Journalism and education are siblings: if you’re informed but not educated, you have no context to interpret the information you’re getting; if you’re educated but not informed, you’re living in an ivory tower. In MOOCs I see the beginnings of a trend that might draw these two information-delivery mechanisms together in a powerful way.

Two Funny Things at the 2012 International Semantic Web Conference

I spent last week at the 2012 International Semantic Web Conference.  This conference addresses the important topic of structured data on the web.  I had two “funny” experiences; one humorous and one peculiar.

At the beginning of the conference, I was amused to see that ISWC, whose central theme is linking the web’s data together into a coherent whole, had more trouble than any other conference I’d been to in picking a twitter hashtag for the event.  Most conferences just announce one at the beginning, but at ISWC it was left to emerge “organically”, which meant tweets were inconsistently tagged as #iswc, #iswc12, #iswc2012, or #iswcboston.  I tweeted a joke to this effect.  The responses that I got back were classic.  Reflecting the philosophy of the Semantic Web, various individuals argued that this was a good thing; that expecting everyone to agree on a single vocabulary was contrary to the Semantic Web vision of linking disparate ontologies.  Another pointed out that if only twitter were “doing things right”, treating their hash tags as ontological entities, and letting different people label each entity differently, then we wouldn’t have this problem.  These responses are completely logical but ignore reality.  We may know better than twitter how things ought to be, but in the meantime there’s an easy solution (that most other conferences have adopted) that works fine with the way twitter is now.

The more seriously funny experience was at the ISWC demo session.  The two demos that most impressed me were systems for  (i)  browsing upcoming events (concerts etc.) and (ii)  browsing academics and their publications.  Both of these systems were characterized by rich data models and nicely designed user interfaces that delivered valuable information and insights from their chosen domains.

The funny part is that neither of these applications should really be called a “Semantic Web application.”  Someone unaware of the Semantic Web, tasked with building these applications, would see a traditional data management and visualization problem that they would solve using traditional database tools (SQL) and web APIs.  The fact that these tools are storing their data in a triple store instead of a SQL database is irrelevant to the user experience.  And the fact that at least one of them is exposing a SPARQL endpoint for querying the data they are managing is good citizenship, helpful to the next project, but not important for this one.

This story fits what I argued in a talk at an ISWC workshop on programming the semantic web.  The original description of the semantic web envisioned applications that could wander through a linked world of hundreds of different ontologies, discovering/learning those new ontologies as it went and combining information from all of them to produce valuable answers.  It seems to me that the vast majority of applications don’t need this power.  Instead, these applications have fixed ontologies imposed by their creators at creation time.  They can therefore be created using traditional techniques.
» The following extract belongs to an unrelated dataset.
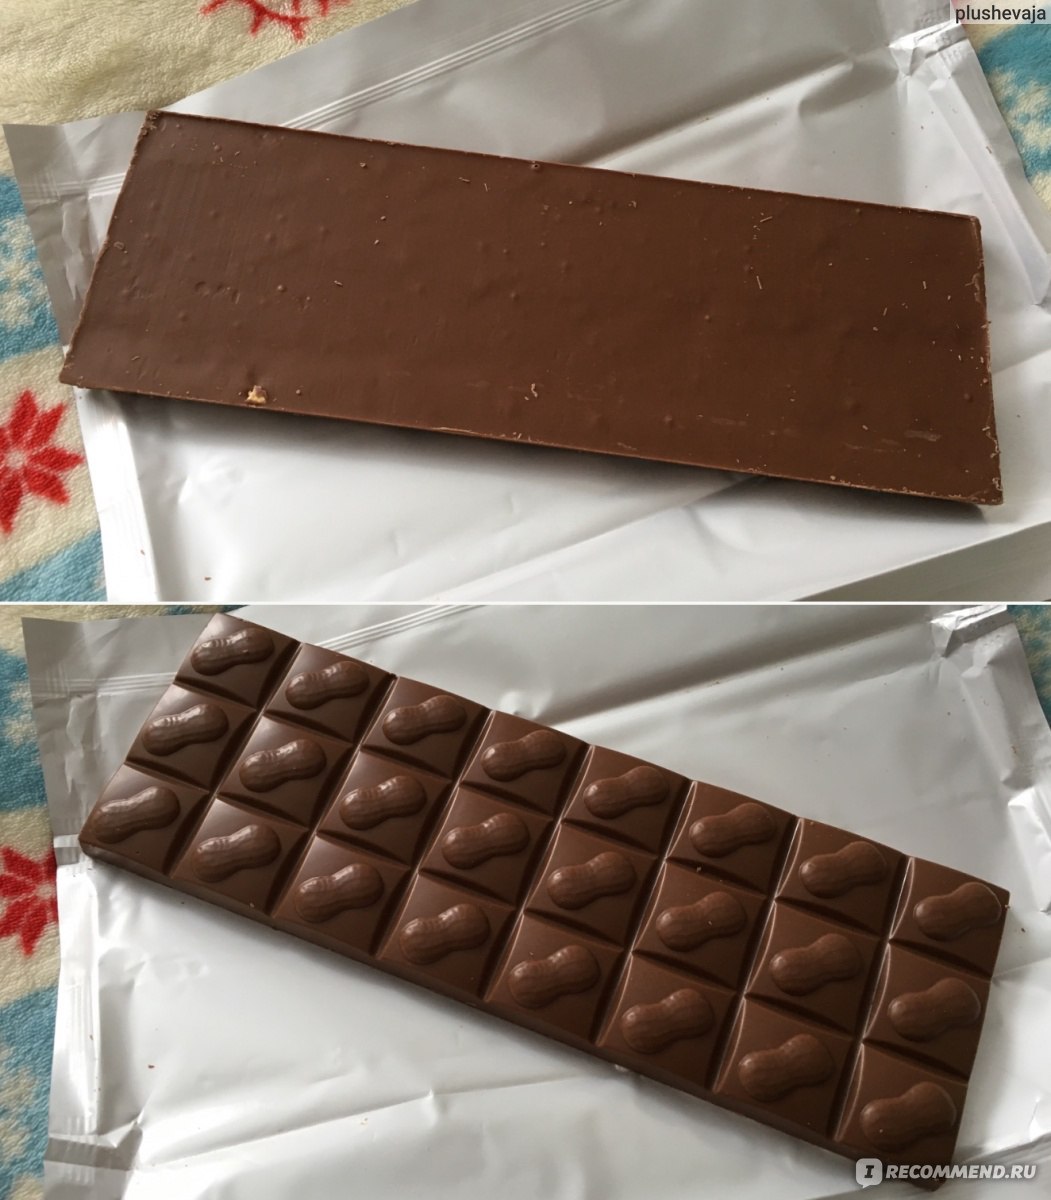 Домашняя плитка шоколада. Плитка шоколада. Плиточный шоколад. Шоколадная плитка. Плиточные шоколадки.

This begs an obvious broader question: what kinds of work is Semantic Web research that should appear at ISWC.?  I ask this not in the interest of jealously guarding the “purity” of a discipline—I like breadth—but in the interest of directing research to the venue where it can be best disseminated and evaluated.  The semantic web technology stack is pretty mature at this point.  But that means that using a semantic web back-end doesn’t automatically turn your project into semantic-web research.   If I build a traditional interactive application on top of a triple store, my contribution is the application, and it should probably go to a conference like CHI that specializes in assessing human computer interaction.  A system that uses natural language processing or machine learning to recognize entities in text doesn’t suddenly become a semantic web contribution by outputting its results in RDF; instead it should be submitted to a venue like NAACL or ICML where it can be assessed by the best researchers in NLP and ML.

One might worry that the Semantic Web is going to suffer the same image problem as AI: that as soon as it works, it isn’t Semantic Web.  But I don’t think that’s the case.  There are certain research questions that are, and will continue to be, core to the Semantic Web.

With regard to the Semantic Web’s role in traditional applications, I would love to see at ISWC some studies that compared the relative developer effort required to build applications using the traditional and Semantic Web tool stacks.   Nobody’s going to argue against making data easier to reuse.  But the Semantic Web community still has to prove, I think, that their approach to reusability is better than others.  If I’m going to build a traditional application that consumes and manipulates data from one or two fixed sources, does using a triple store instead of a SQL (or noSQL) database make it easier for me to build that application or maintain it later?  Most applications hide their databases behind object-relational mappers, so will it even be noticeable which underlying database technology I am using?  When I want to pull data from my target source, does it help me to have that data available via a SPARQL endpoint, or would it be just as effective to present it me via a SQL endpoint, or an API that returns JSON objects?

If we are able to make a case that the Semantic Web really does help with reuse of data, then there’s a host of ISWC-relevant questions around transitioning the legacy of traditional data repositories to the Semantic Web.  For example, this paper shows how to “scrape” a traditional web API so it can be used with other Semantic Web tools.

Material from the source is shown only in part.